→ WHAT TO WORK ON
Everything in the listing must be repeated exactly, apart from the images.

→ DATASET EXTRACT
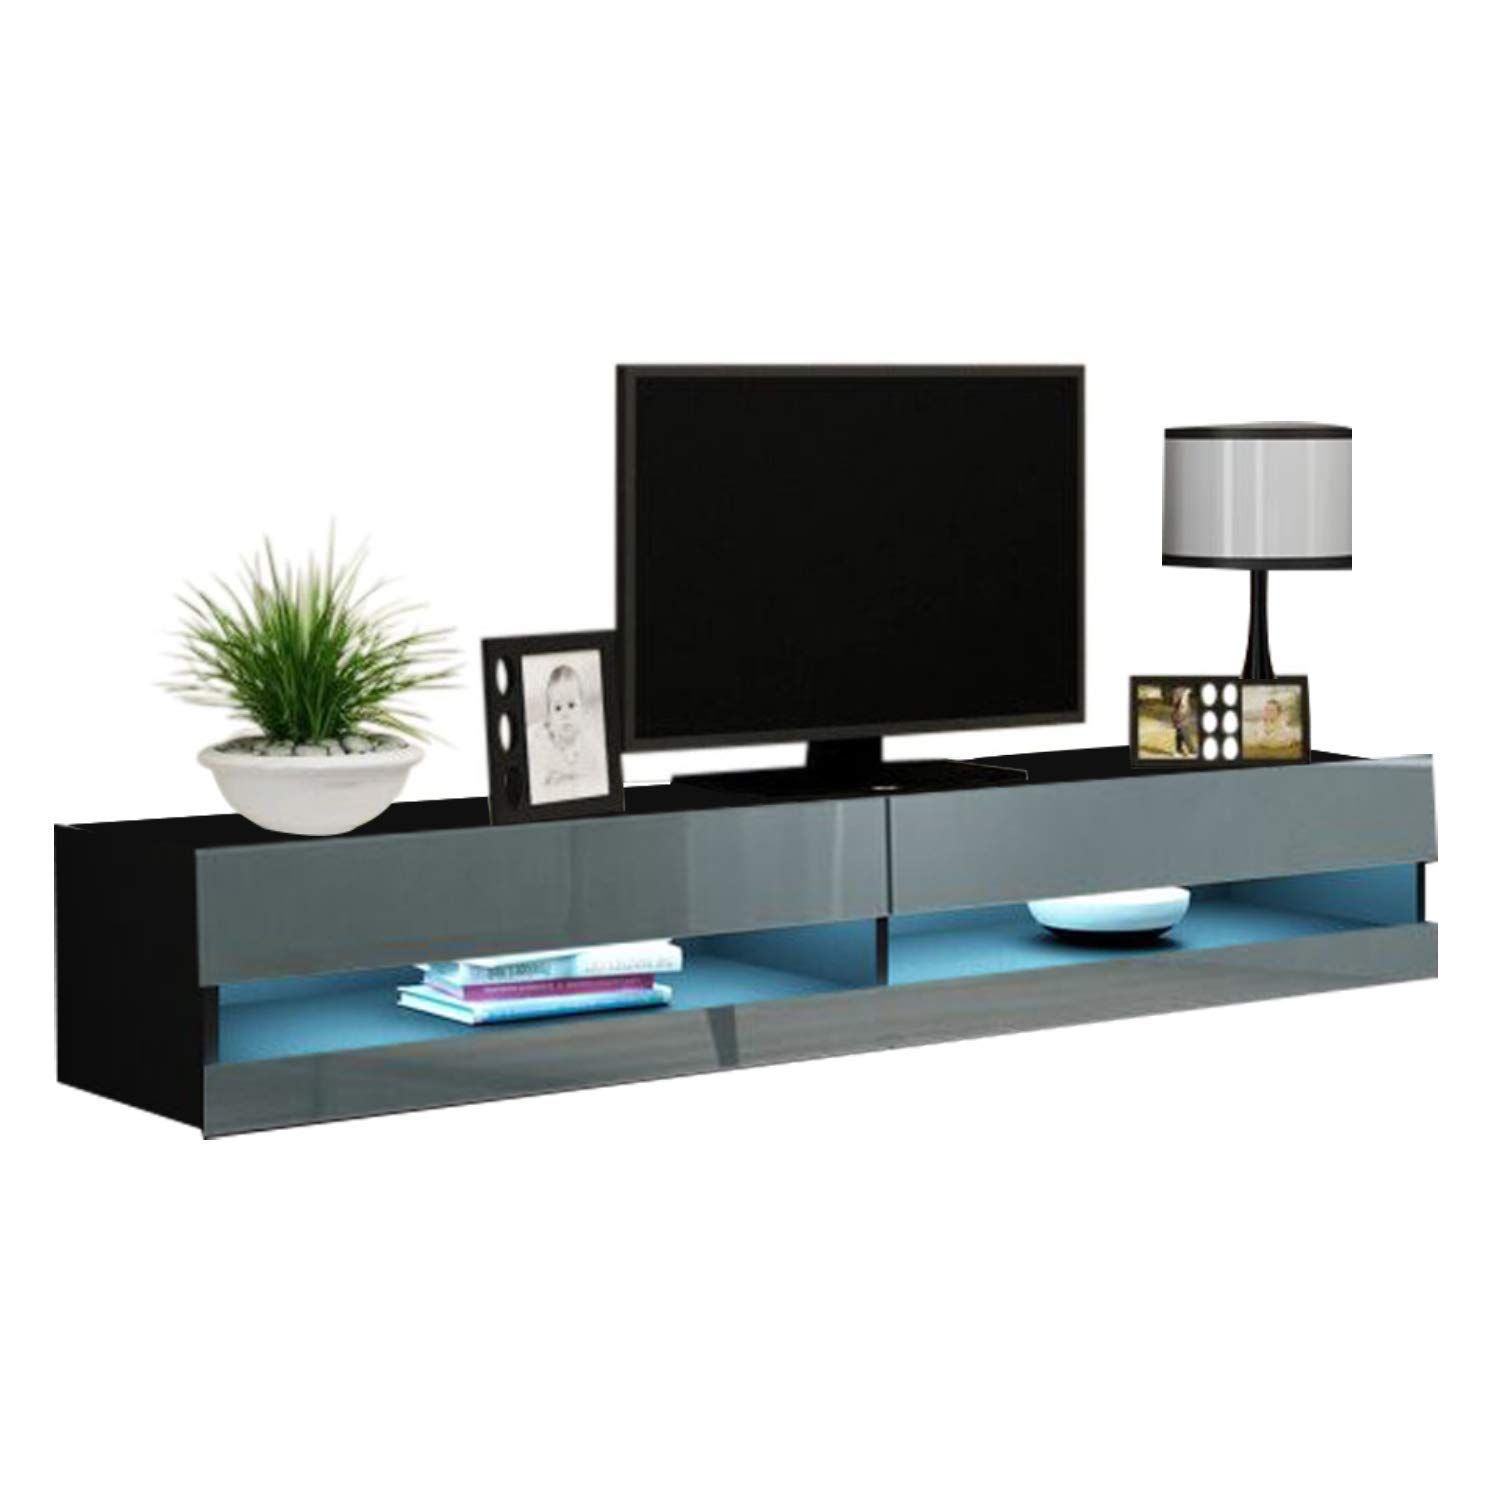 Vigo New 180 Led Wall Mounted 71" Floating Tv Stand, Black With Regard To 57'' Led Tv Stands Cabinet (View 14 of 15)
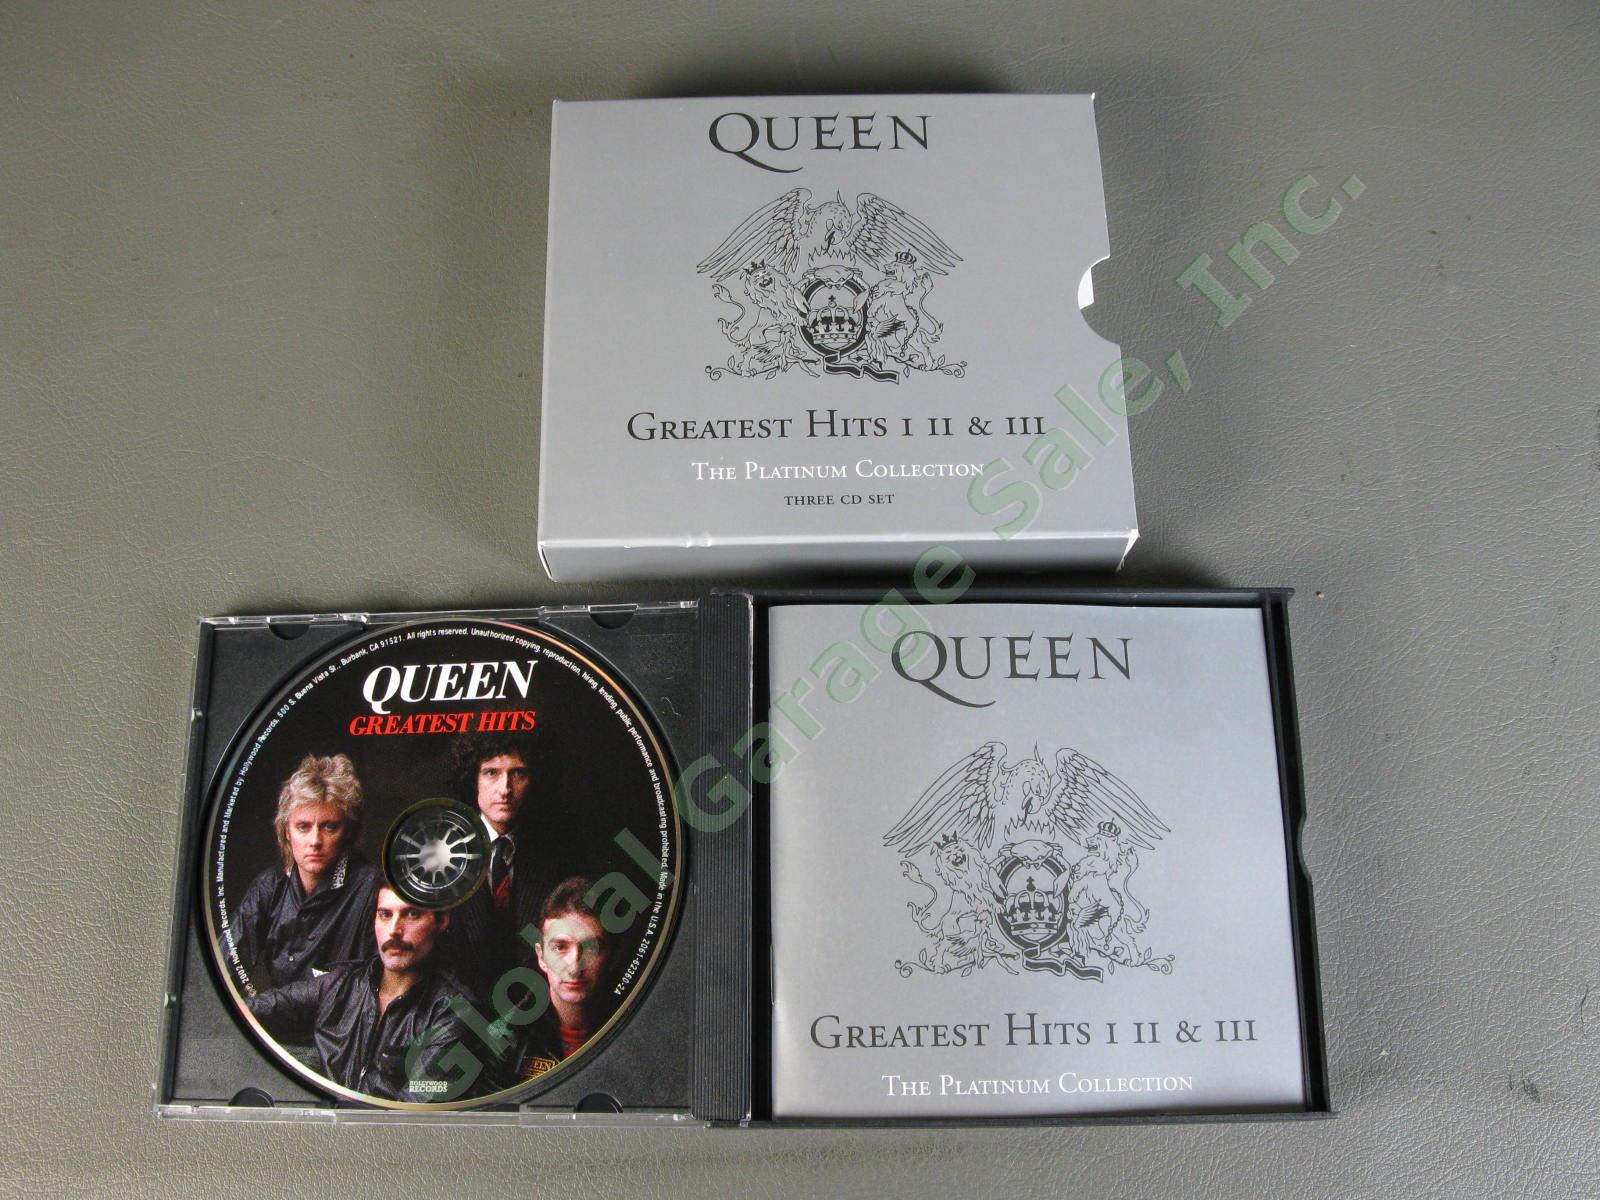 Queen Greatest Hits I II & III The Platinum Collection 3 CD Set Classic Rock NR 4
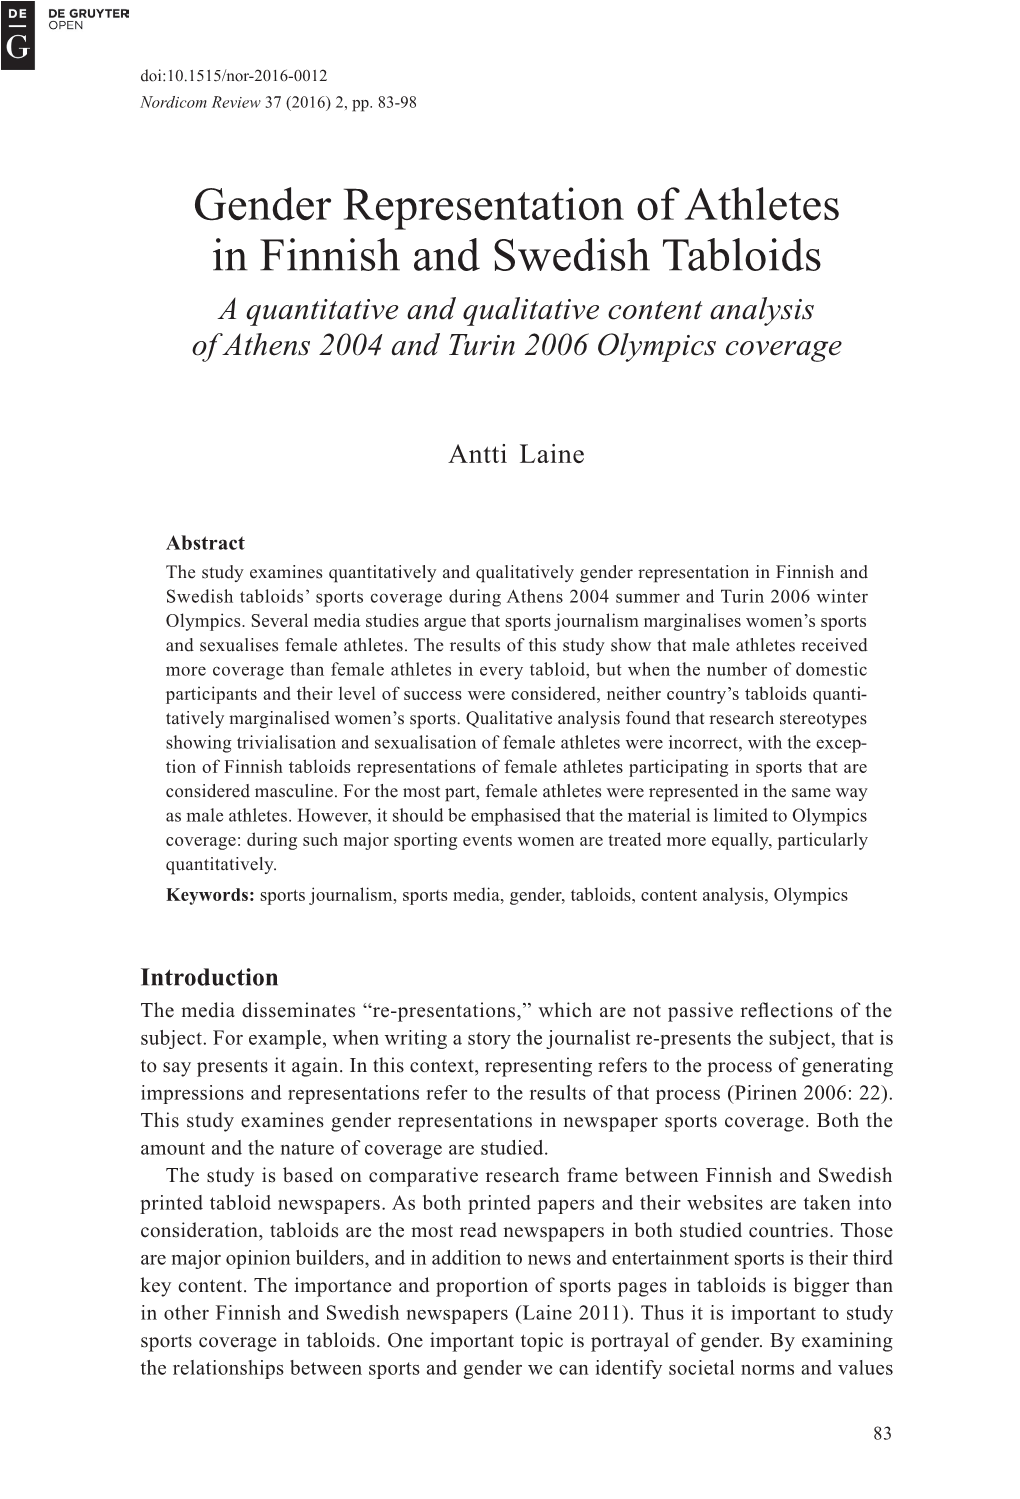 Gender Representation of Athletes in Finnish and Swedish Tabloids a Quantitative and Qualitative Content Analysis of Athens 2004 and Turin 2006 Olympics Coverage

→ SOLUTION TO THIS TASK
 Vigo New 180 Led Wall Mounted 71" Floating Tv Stand, Black With Regard To 57'' Led Tv Stands Cabinet (View 14 of 15)
 Queen Greatest Hits I II & III The Platinum Collection 3 CD Set Classic Rock NR 4
 Gender Representation of Athletes in Finnish and Swedish Tabloids a Quantitative and Qualitative Content Analysis of Athens 2004 and Turin 2006 Olympics Coverage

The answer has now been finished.